:: Records to use ::

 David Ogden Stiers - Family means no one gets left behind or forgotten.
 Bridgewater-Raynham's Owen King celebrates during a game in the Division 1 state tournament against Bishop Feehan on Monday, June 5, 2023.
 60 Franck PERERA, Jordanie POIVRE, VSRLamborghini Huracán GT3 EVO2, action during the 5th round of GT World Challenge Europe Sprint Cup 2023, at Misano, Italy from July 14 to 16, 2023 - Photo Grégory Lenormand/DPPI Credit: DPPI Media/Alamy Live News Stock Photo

:::
:: Records to use ::

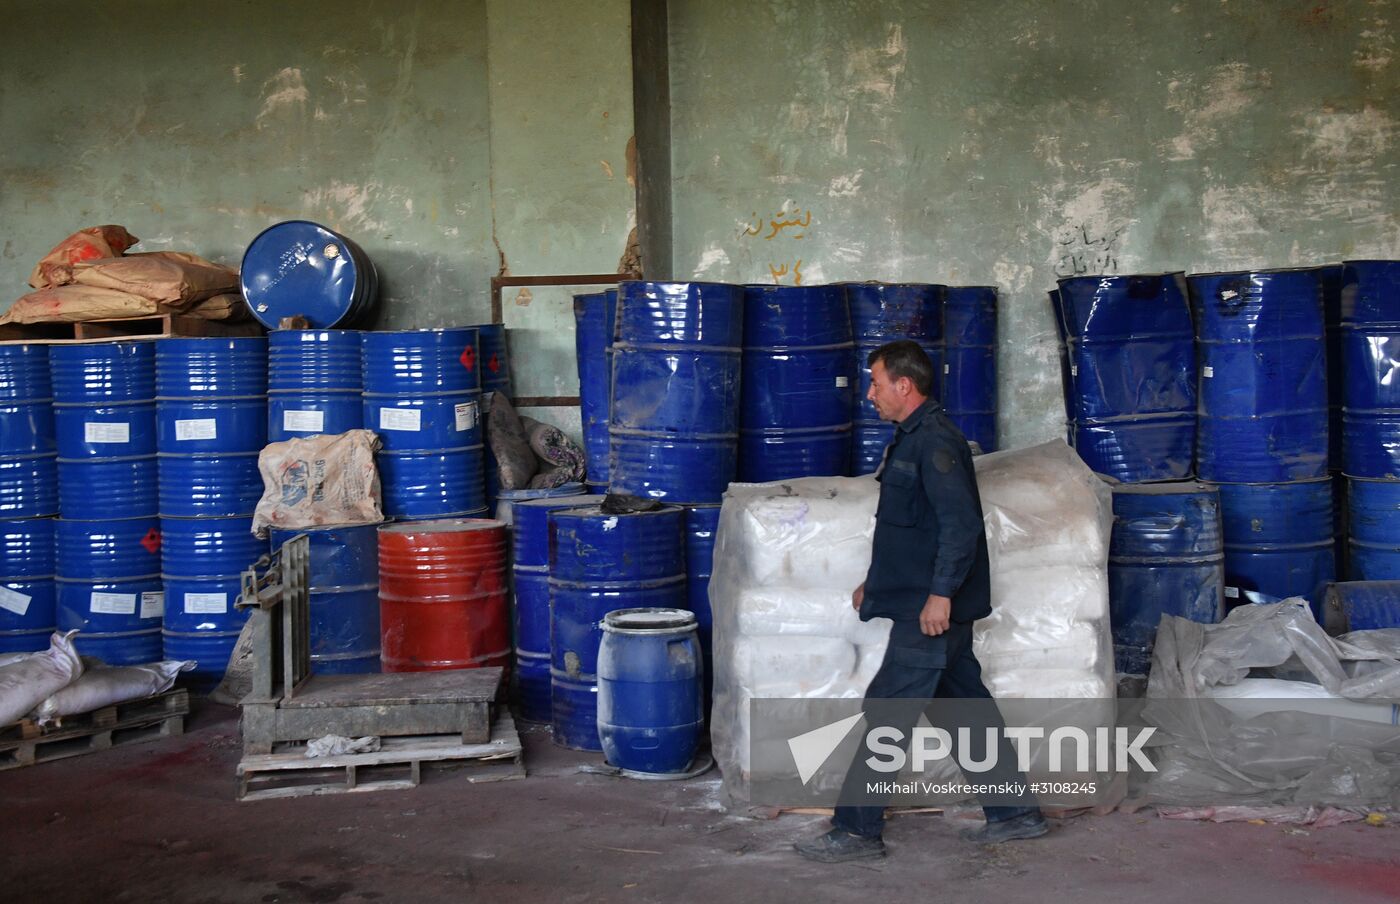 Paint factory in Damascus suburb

:::
:: Records to use ::

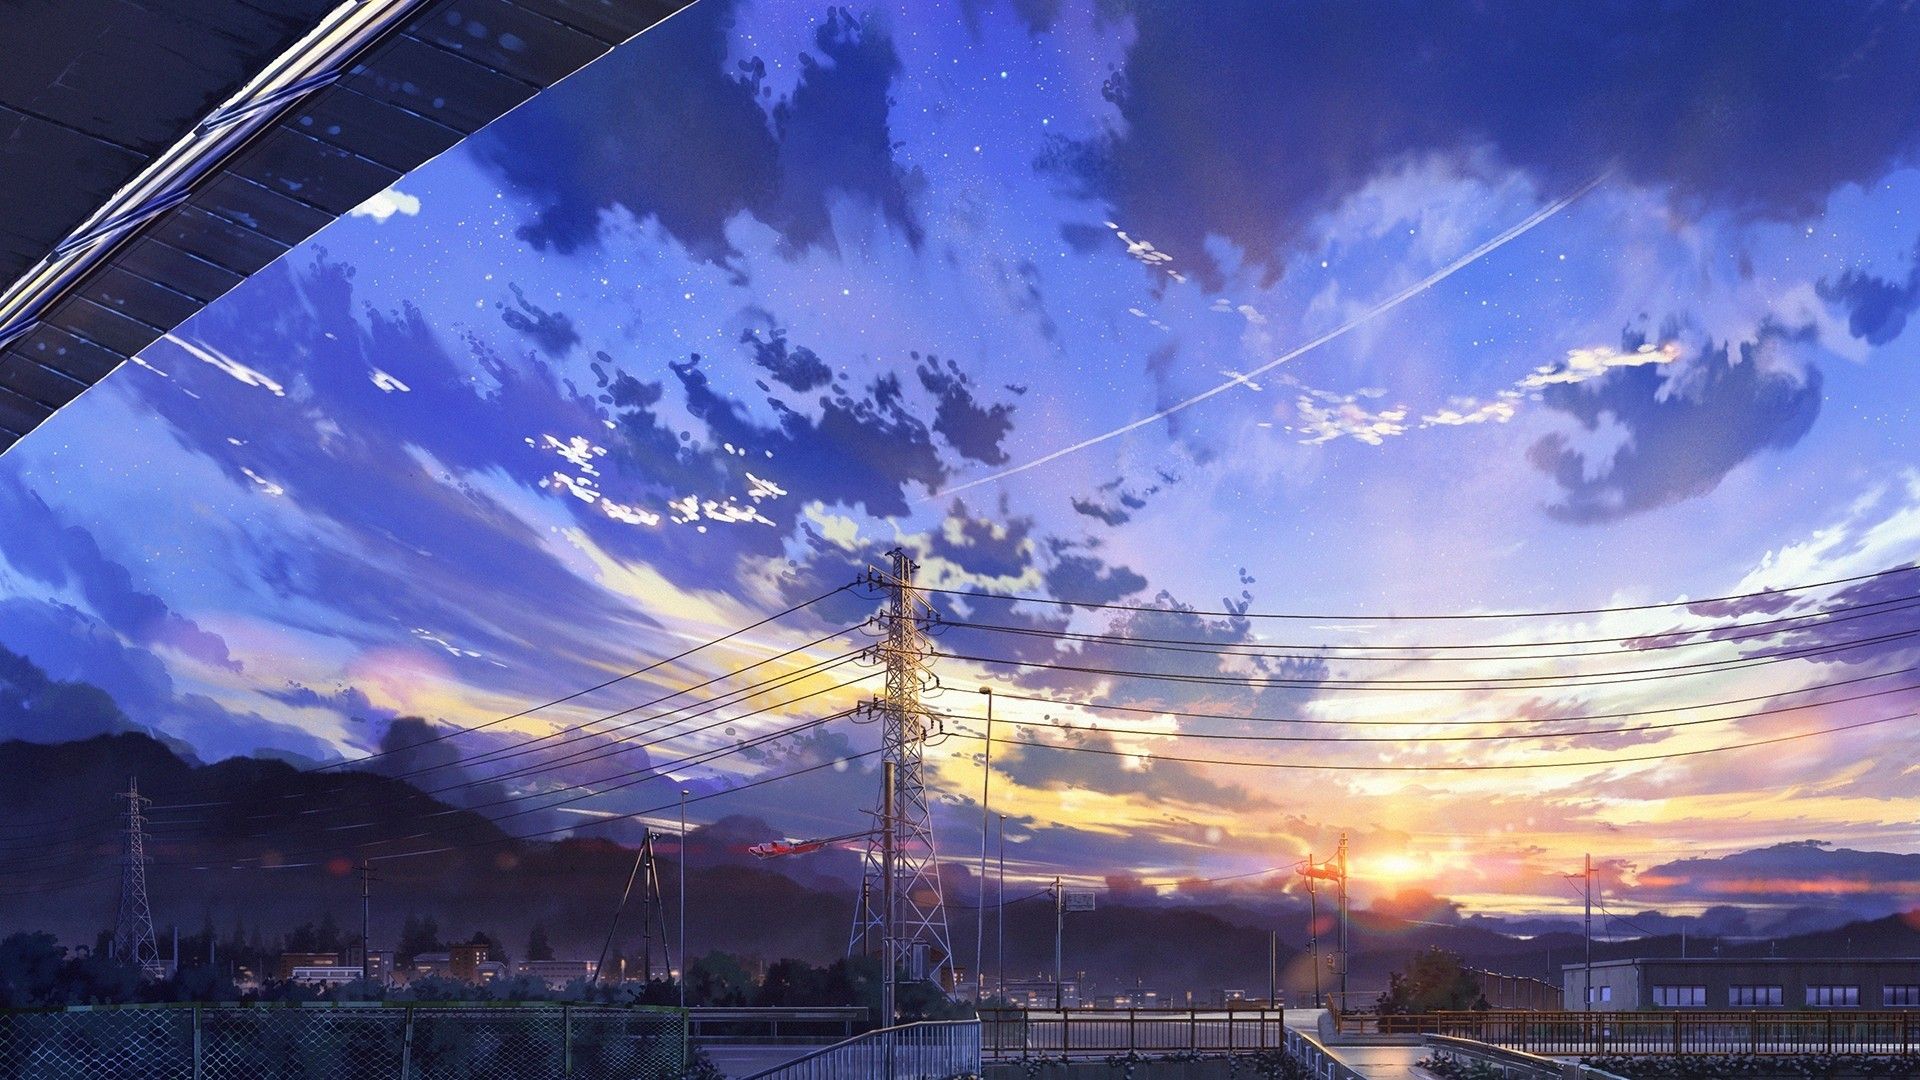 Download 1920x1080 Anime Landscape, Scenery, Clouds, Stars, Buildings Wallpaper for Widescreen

:::

Check the listing above for lines containing the string "during", and copy each one.

 Bridgewater-Raynham's Owen King celebrates during a game in the Division 1 state tournament against Bishop Feehan on Monday, June 5, 2023.
 60 Franck PERERA, Jordanie POIVRE, VSRLamborghini Huracán GT3 EVO2, action during the 5th round of GT World Challenge Europe Sprint Cup 2023, at Misano, Italy from July 14 to 16, 2023 - Photo Grégory Lenormand/DPPI Credit: DPPI Media/Alamy Live News Stock Photo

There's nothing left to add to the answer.